We see our work as vital, not just to those currently employed in the green sector but also to the millions of newly jobless and underemployed workers who would benefit from a massive green stimulus. Such a stimulus must include access to green jobs and paid training for everyone, with an emphasis on reducing the huge income disparities between white workers and workers of color, especially Black workers.
GWA will ground our work in a strong racial justice analysis and actively fight to disrupt systems and institutions that devalue the lives and labor of Black, Indigenous, and other people of color (BIPOC). We recognize the challenges of organizing an industry that relies heavily on the labor of white, non-college educated men around a racial justice platform. However, there is both a need and an opportunity to build unity between white workers and BIPOC workers to defend the environment, create jobs, and ensure that new jobs are well compensated and safe.
We can only win transformative change like the Green New Deal or new worker-to-owner relationship regimes through levels of worker organization which currently don’t exist in these sectors. Even as we help workers at individual companies gain collective bargaining rights, we also need industry-wide organizing along the lines of the approaches of independent worker organizations like United for Respect, the Freelancers Union, Restaurant Opportunity Center (ROC), Coalition of Immokalee Workers, Warehouse Worker Resource Center, Workers Defense Project, National Domestic Workers Alliance (NDWA), and Gig Workers Rising.

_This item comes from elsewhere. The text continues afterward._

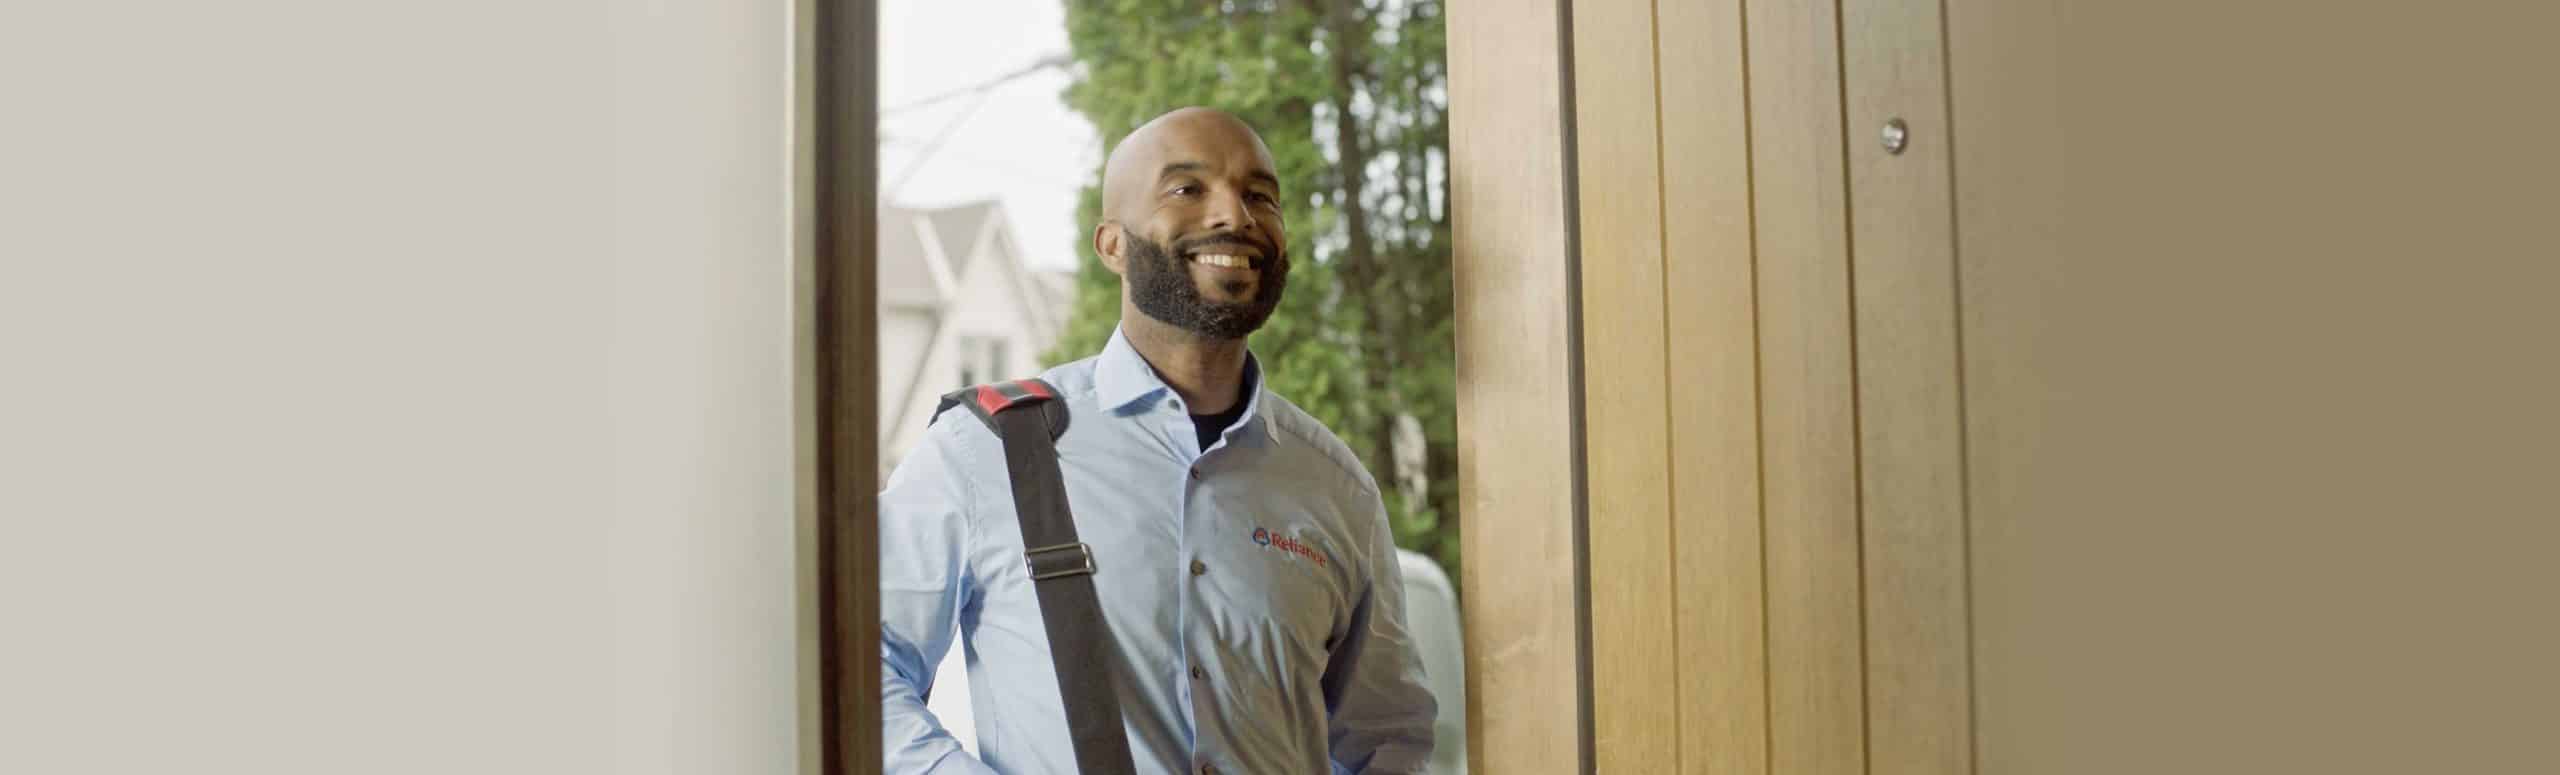 Male individual entering the front door of a house with a big smile

In particular, we are building on the online-to-offline organizing tactics of the United for Respect and Gig Workers Rising campaigns. Online strategies are essential in building industry-wide organization without a large number of staff organizers — and they are particularly important in the time of COVID. The impact of the pandemic has already led us to pivot from a plan that prioritized organizing on the ground in Virginia to one more focused on online organizing. Of course, it remains essential to continue to find ways to organize workers face-to-face, whether through socially distant gatherings, car protests, or other means.
The economic crisis unleashed by the pandemic along with the renewed focus on racial inequality stemming from the Black Lives Matter protests have pushed us to recalibrate our initial work plan. Instead of targeting only current workers in the green sector, we are broadening our focus to the potential green workers of the future: those who would benefit from access to good jobs in this field. And instead of focusing primarily on Virginia, we are looking nationally. In this moment of crisis, we are reimagining what is possible and deciding to go big with this effort. We will use social media targeting to connect with this workforce. We will mobilize people to take action online around bold green stimulus plans at both the state and federal level. We will build a core of leaders who can organize others. And, as we build critical mass in certain areas, we will move members to action in the field.
We don’t have all the answers, but we know that it is time to experiment with new models to build worker power and put an end to corporate elites playing jobs against the environment. And we know that building organization among workers in the renewable energy sector is vitally important for political change. Organized workers can help us win transformative policies like the Green New Deal. They can help win support for a bold, progressive agenda among the vast majority of green workers who are not part of the traditional labor movement. And they can help us forge a path forward towards a new green economy with racial and economic justice at its very center.